Beyond 3 steps, choreography becomes a distributed state machine that nobody can draw on a whiteboard. Each service must know which events to react to and which compensating events to emit. Six departments each reacting to memos from the previous department. Nobody sees the whole process. Orchestration centralizes the coordination. The saga coordinator knows the full sequence, tracks progress in a persistent store, and triggers compensation in the correct reverse order. More coupling to the coordinator, but much easier to debug and extend. A project manager who owns the process. More overhead. But someone can actually explain what’s happening.
What the Industry Gets Wrong About Microservice Communication
“Start with REST, switch to async later.” Switching from sync to async after 20 services are wired together means renegotiating contracts with every caller. The interface shape is baked into retry logic, error handling, and deployment pipelines across a dozen codebases.
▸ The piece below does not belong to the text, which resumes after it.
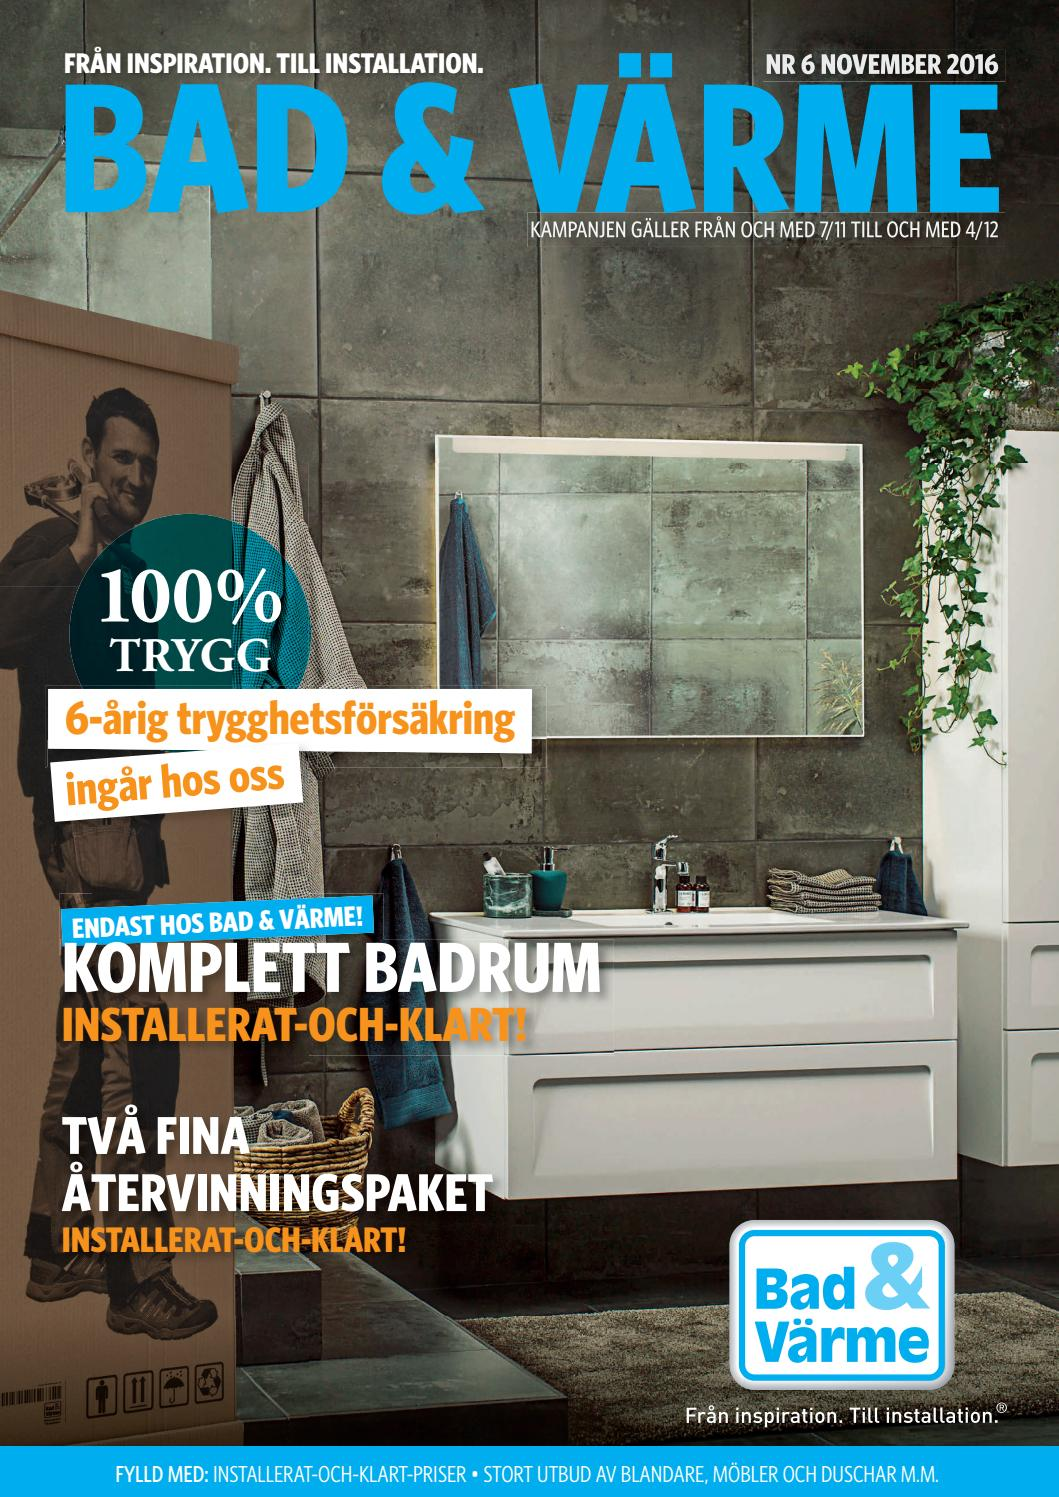 Bad&värme dr 6 2016 by kw reklam   issuu

Making the right pattern choice early costs a few days of design discussion. Making it late costs quarters of migration. Ripping out the phone system after everyone’s memorized the extensions.
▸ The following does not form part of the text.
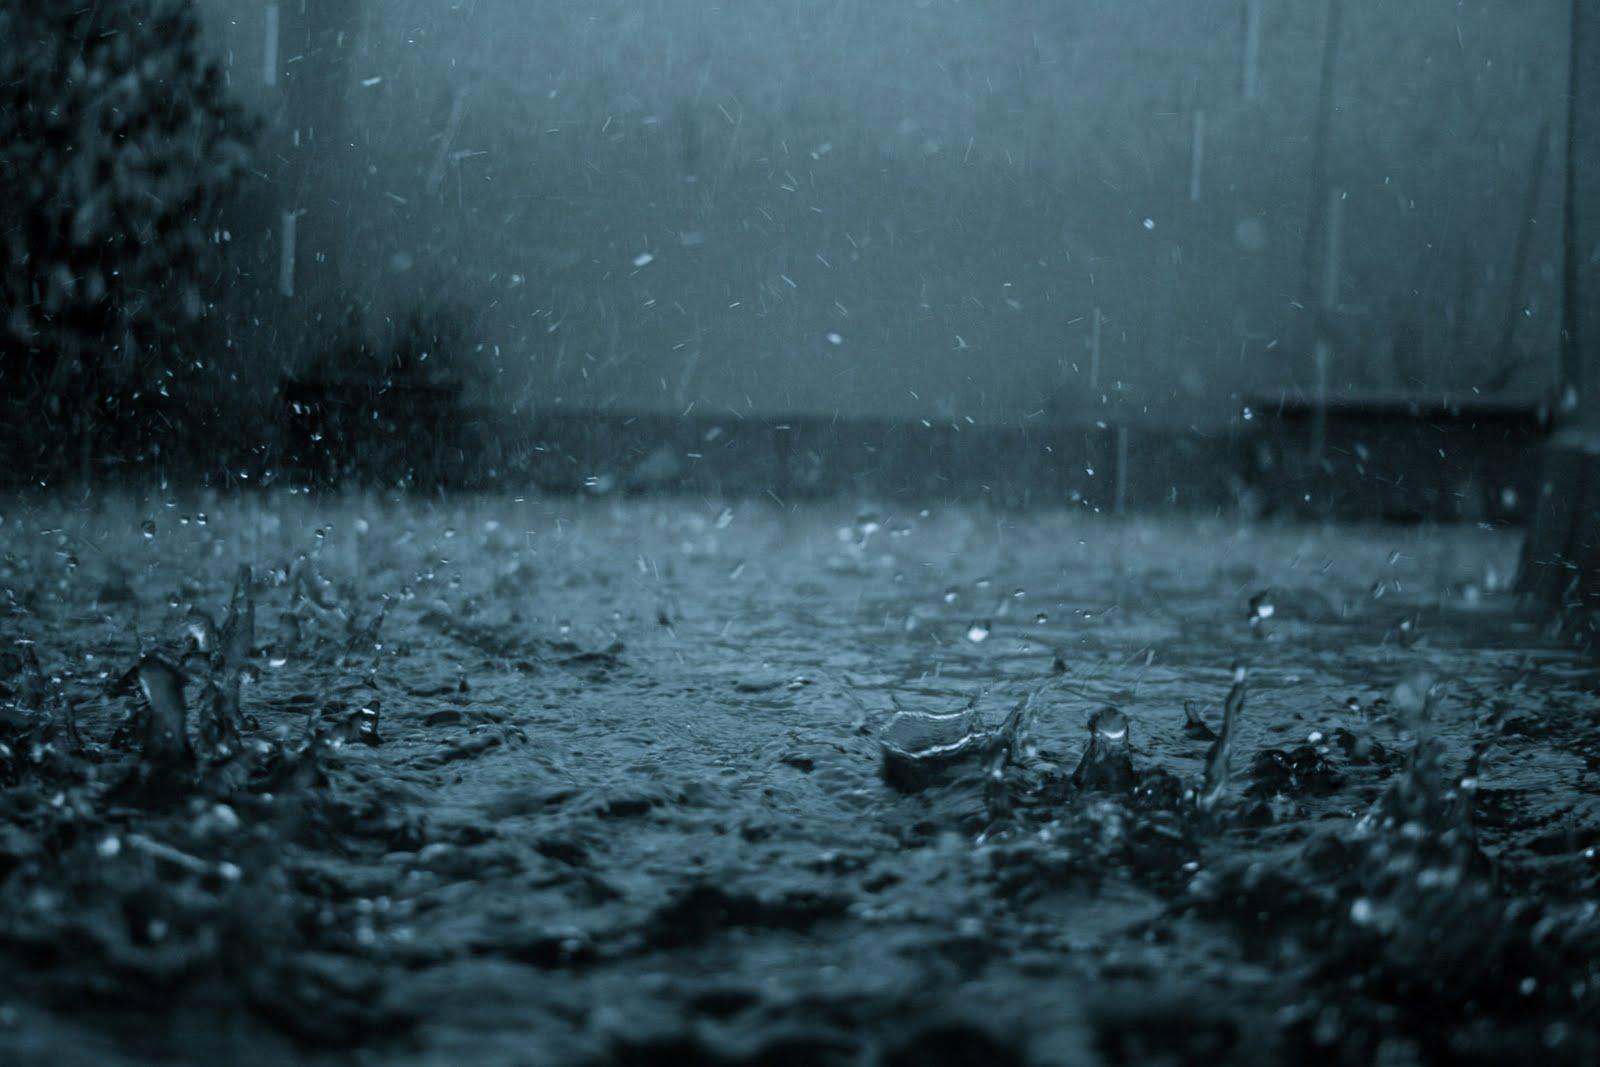 http://3.bp.blogspot.com/-iMKObwjU2UI/TcvOhxMV6zI/AAAAAAAAAZ0/z6-M3u_o0e4/s1600/rain-wallpaper.jpg

“gRPC is always faster than REST.” gRPC is faster for payload serialization. Binary protobuf is much more compact than JSON. But when the bottleneck is the database query behind the API, a service that takes 400ms to query PostgreSQL returns in 400ms regardless of the transport protocol. Faster intercom doesn’t help when the person on the other end needs 400ms to look up the answer. Measure where latency actually lives before changing protocols.
That 800ms inventory lookup cascading through three synchronous hops? With async events carrying cross-domain state changes and circuit breakers capping the remaining sync calls, the same traffic spike degrades gracefully instead of toppling the checkout page. The services are still talking. They just stopped standing in line. Memos in inboxes. Intercoms for urgent questions. The building runs because people stopped blocking each other.